[jboss-jira] [JBoss JIRA] Commented: (JBAS-6135) Concurrent connection of HAPartition channels fails

Tue Oct 28 11:19:21 EDT 2008

    [ https://jira.jboss.org/jira/browse/JBAS-6135?page=com.atlassian.jira.plugin.system.issuetabpanels:comment-tabpanel&focusedCommentId=12435769#action_12435769 ] 

Brian Stansberry commented on JBAS-6135:
----------------------------------------

In attached failed-start-server.log, relevant logging starts at line 5734.  In testrun-1018-server.log it's at line 5733.

In both cases, the code executing is from org.jboss.ha.framework.server.ClusterPartition.startService():

         // Do the channel connect in another thread while this
         // thread starts the cache and does that channel connect
         ChannelConnectTask task = new ChannelConnectTask(connectLatch);
         this.threadPool.run(task);
      }

      this.cacheHandler.startCache();

      try
      {
         // This will block waiting for any async channel connect above
         connectLatch.await();

         if (this.connectException != null)
         {
            throw this.connectException;
         }

         this.log.debug("Get current members");
         this.waitForView();

         // get current JG group properties
         this.log.debug("get nodeName");

The thread executing this code is named "main"; it's visible in both logs.  The ChannelConnectTask is run in a thread pool thread; it's logging is only shown in failed-start-server.log; in testrun-1018-server.log it doesn't log.

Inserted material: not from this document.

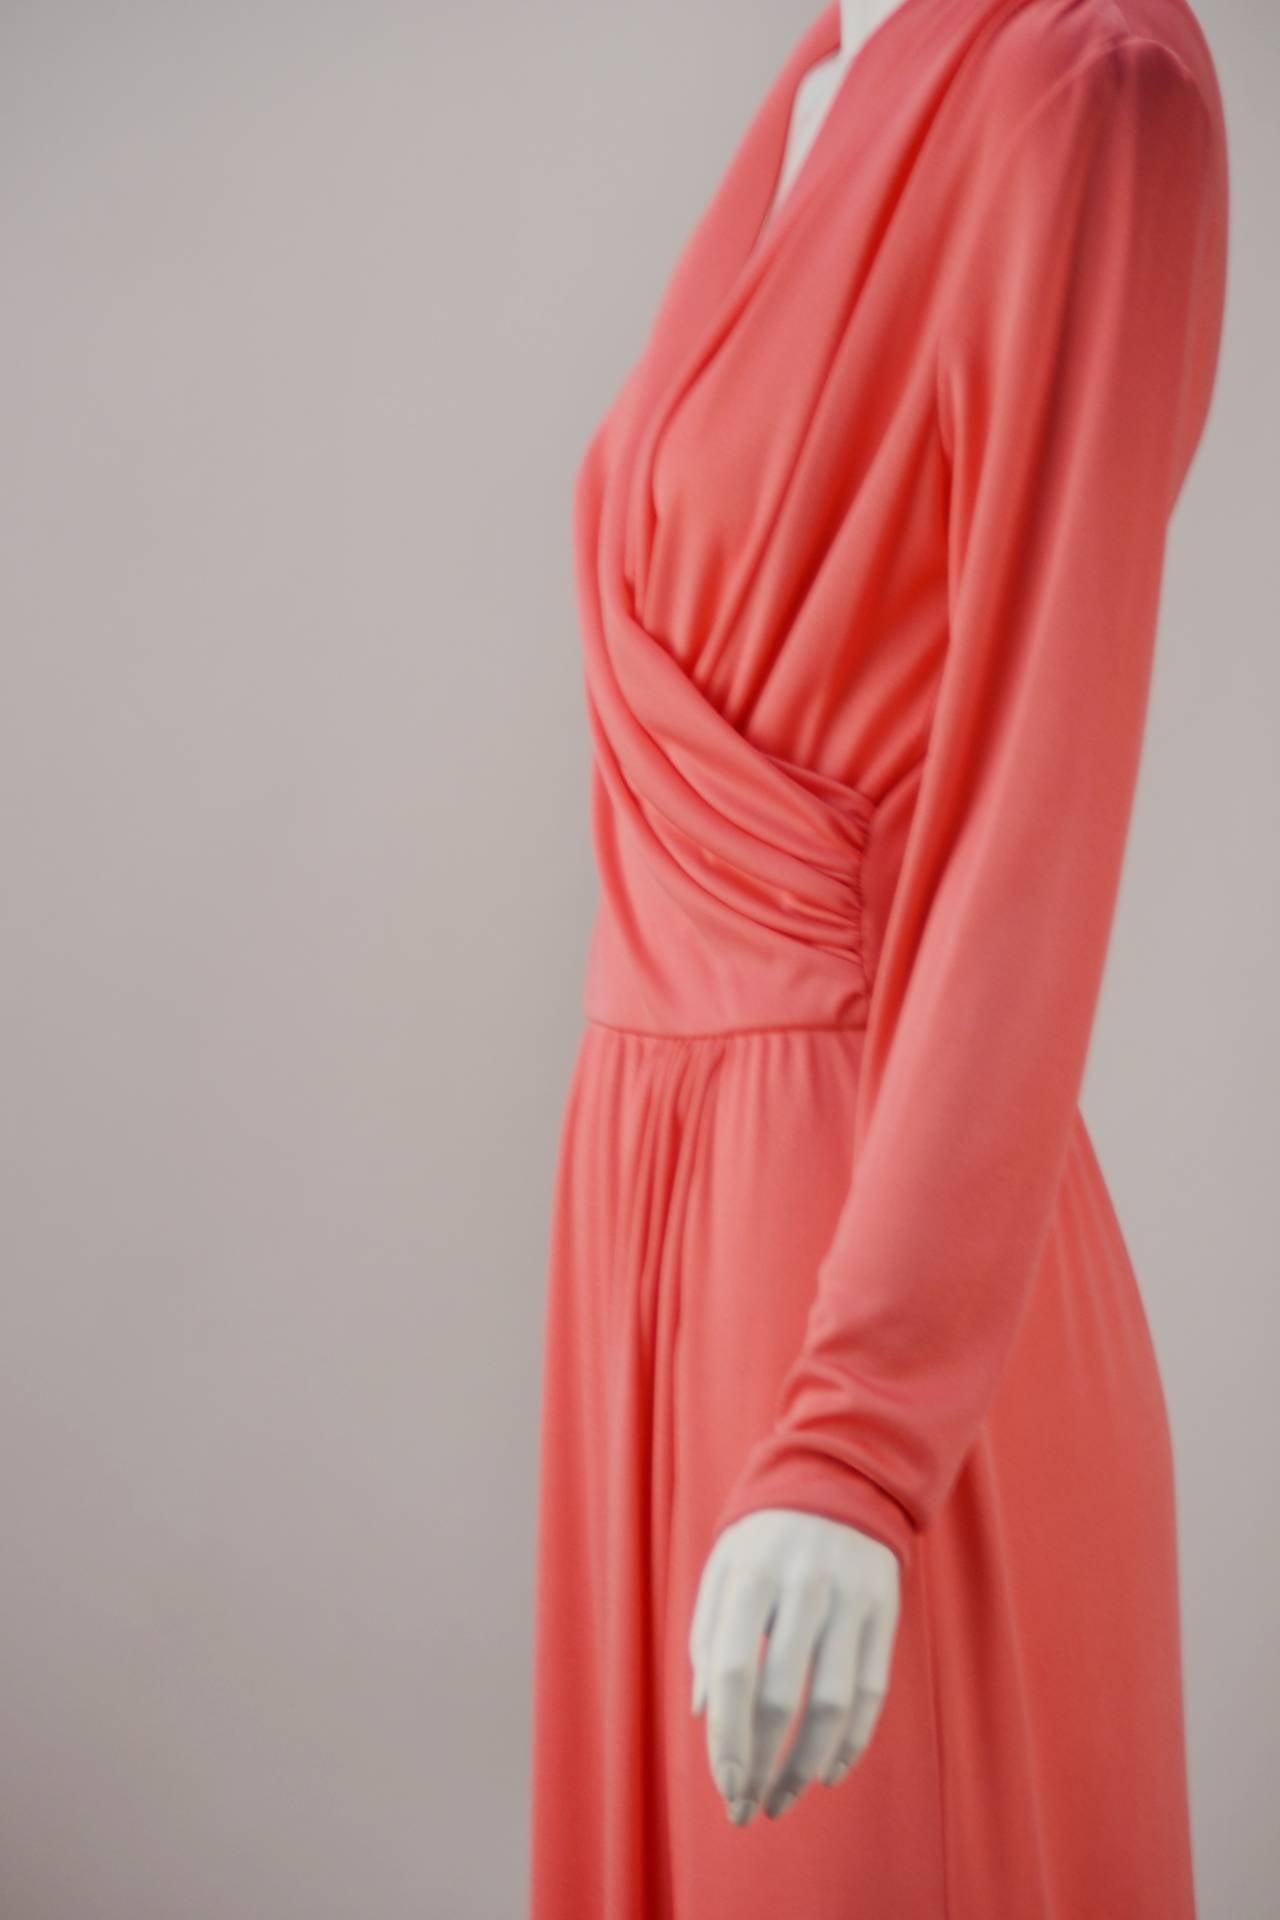 1970s Joy Stevens Coral Pink Maxi Dress For Sale 1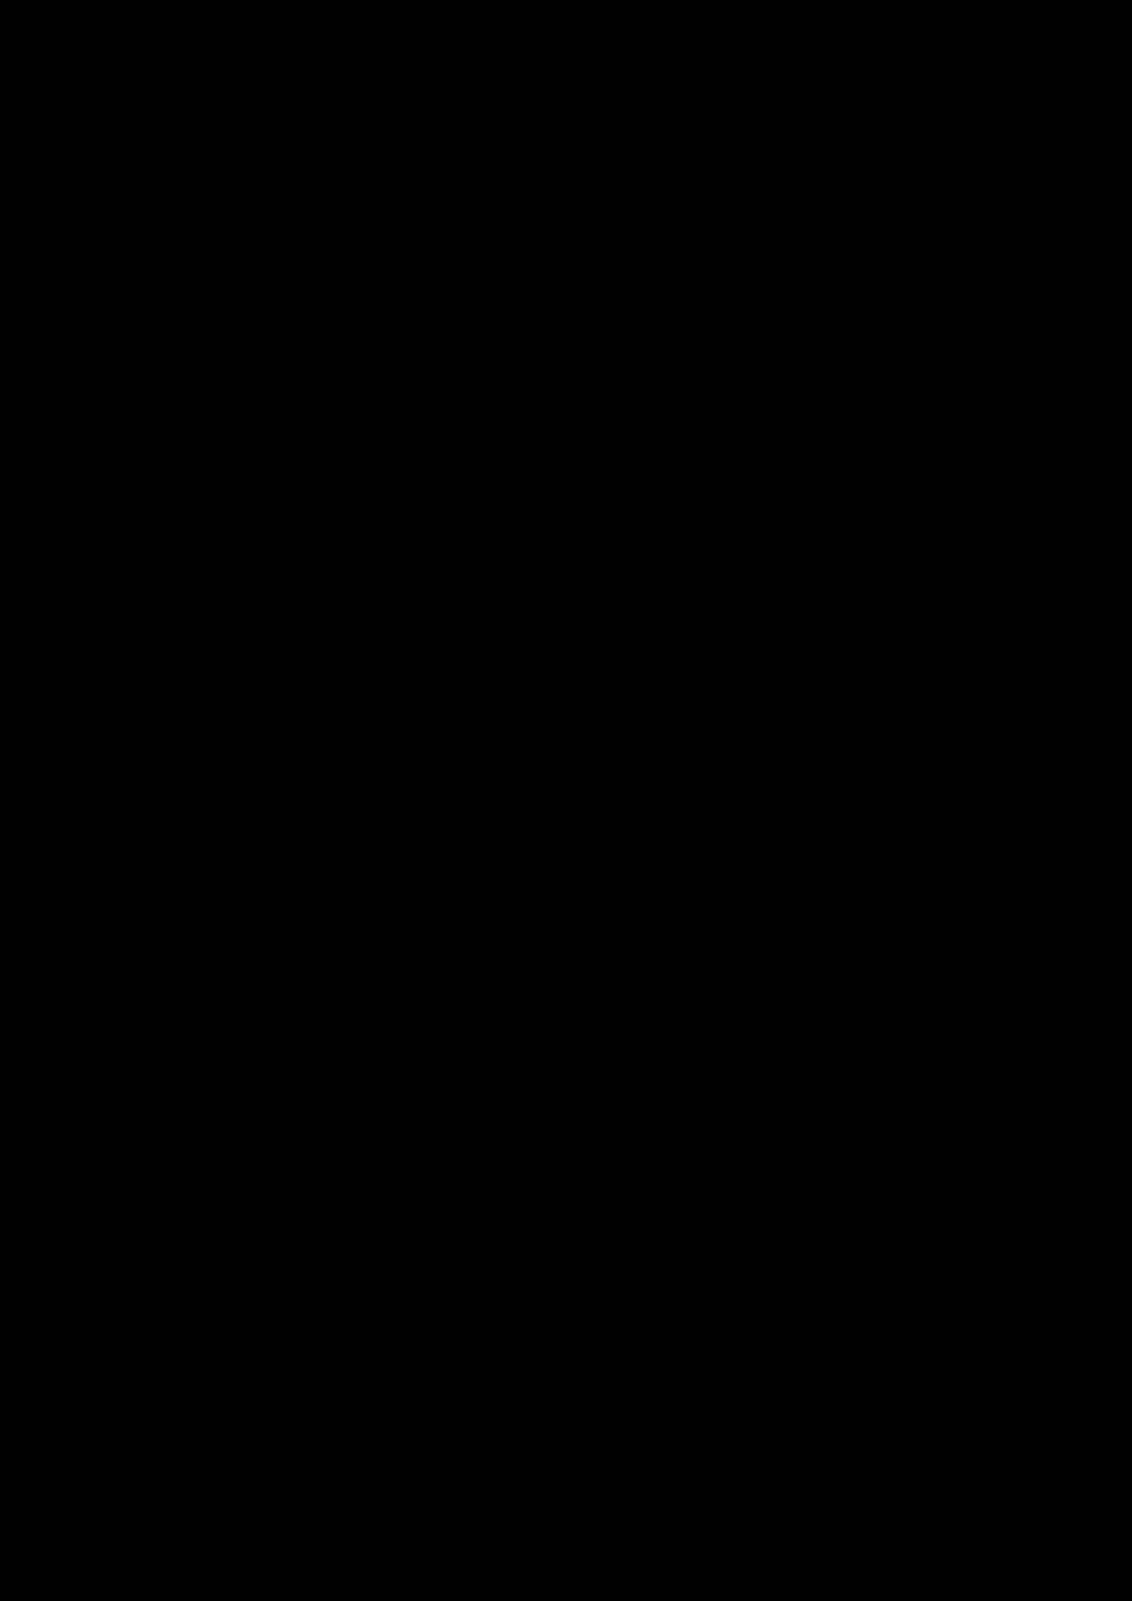 Korolevstvo slez slide, Image 21

The ChannelConnectTask is as follows:

public void run()
      {
         try
         {
            ClusterPartition.this.channel.connect(ClusterPartition.this.getPartitionName());
         }
         catch (Exception e)
         {
            synchronized (ClusterPartition.this.channelLock)
            {
               ClusterPartition.this.connectException = e;
            }
         }
         finally
         {
            this.latch.countDown();
         }
      }

I checked whether the failure to proceed could be due to the synchronized block in the catch block. But the other code that might contend for ClusterPartition.this.channelLock does not execute until after the  this.log.debug("Get current members"); logging shown above; as you can see in the logs that logging never occurs.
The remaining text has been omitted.